Во время Великой Отечественной войны в Красную армию мобилизовали около миллиона заключенных. Пришлось брать оружие в руки и „ворам в законе“ — хотя их „кодекс“ запрещал любое сотрудничество с властью. Когда через несколько лет рецидивисты вернулись на „зону“, начались проблемы с теми, кто ее не покидал. Так возникло деление на „чесняг“ &mdash ; тех, кто придерживался „воровского закона“, и „сук“ — предателей. В лагерях начались так называемые сучьи войны.

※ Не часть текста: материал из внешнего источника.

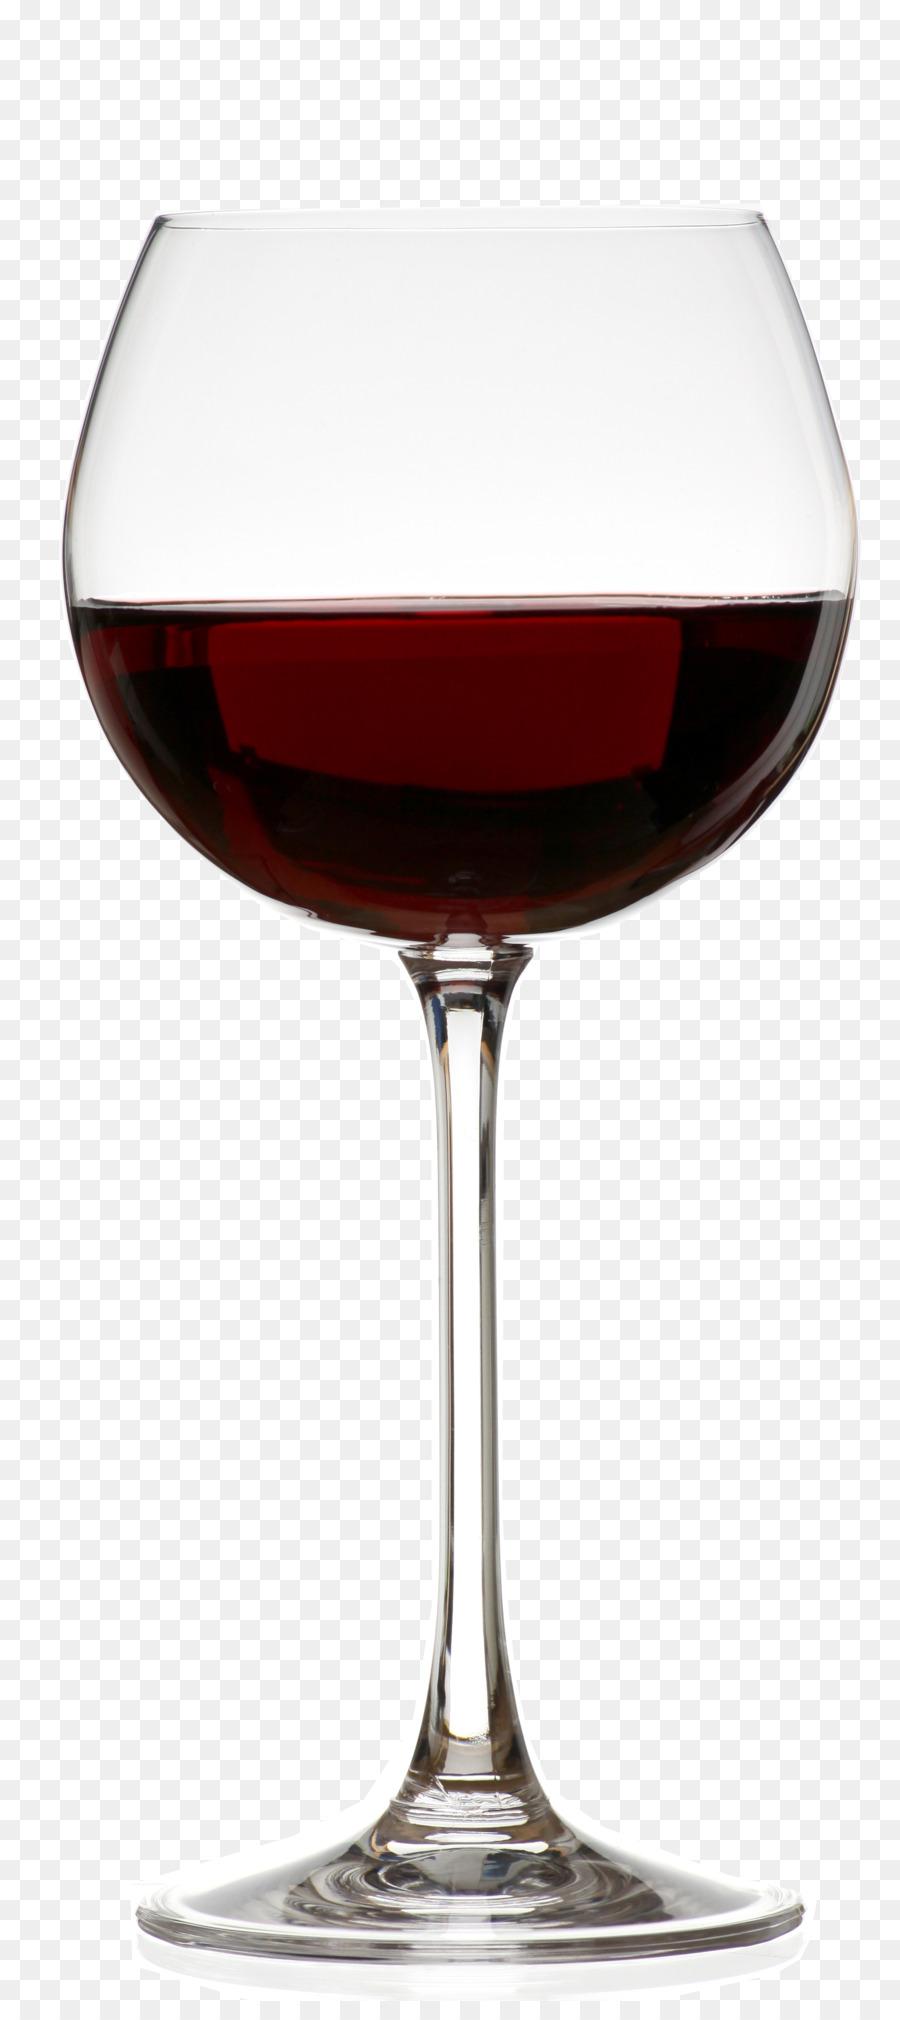 Descarga gratuita de Vino, Cóctel, Vino Tinto Imágen de Png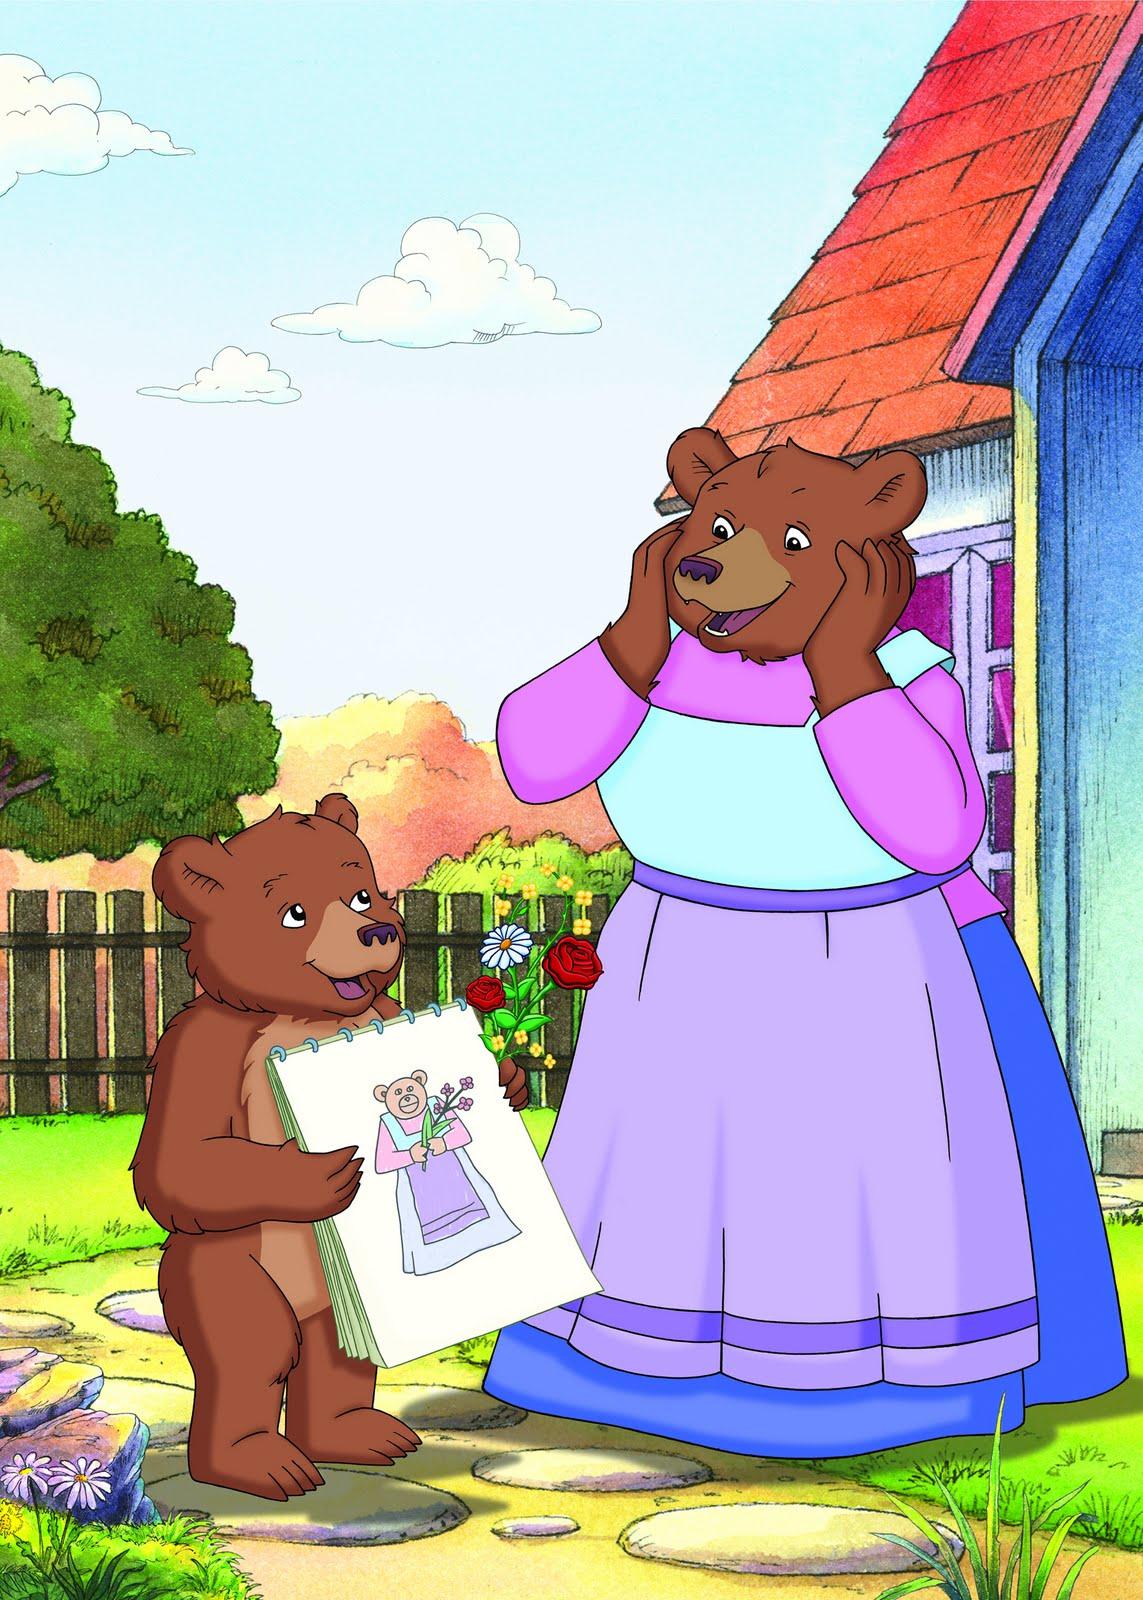 Randome clipart little bear #4

„А однажды с этапом в ту зону попал случайно вор, и его узнали враги, суки, — описывает автор воспоминаний „Четвертое измерение“ Авраам Шифрин. — Мы видели через колючую проволоку, как озверелая толпа сначала била его, а потом пыталась сжечь на костре. Несчастный кричал нам: „Мужики! Передайте людям, что я вором умер!“ Вся эта вакханалии шла под аккомпанемент стрельбы в воздух с вышек. Потом надзиратели забрали этого вора и унесли, но вряд ли он выжил“.
Постоянные конфликты заставили руководство ГУЛАГа разграничить две уголовные группы. Сначала их разводили по разным камерам. Позже — даже по разным лагерям. Так, в БерЛАГе на Колыме „чесняги“ отбывали наказание в основном на территории северного управления, „суки“ — западного. На пересылках конвой спрашивал блатных, какой они „масти“.
В конце 1940-х в лагерях появляется еще одна заметная группа — украинские политические заключенные, „бандеровцы“.
„Они также отличались от всех, — вспоминает еврей Анатолий Радыгин в книге „Жизнь в мордовских концлагерях вблизи“. В 1974 ее издали в Мюнхене на украинском языке. — Когда вдруг к ковырявшейся массе подоходил мужчина подтянутый и аккуратный, спокойный и малословный, выбритый, в чистой рубашке и вычищенной обуви, в бережно разглаженной арестантской одежде, можно было почти без ошибки угадать его национальность, партийность и знамя, под которым он воевал“.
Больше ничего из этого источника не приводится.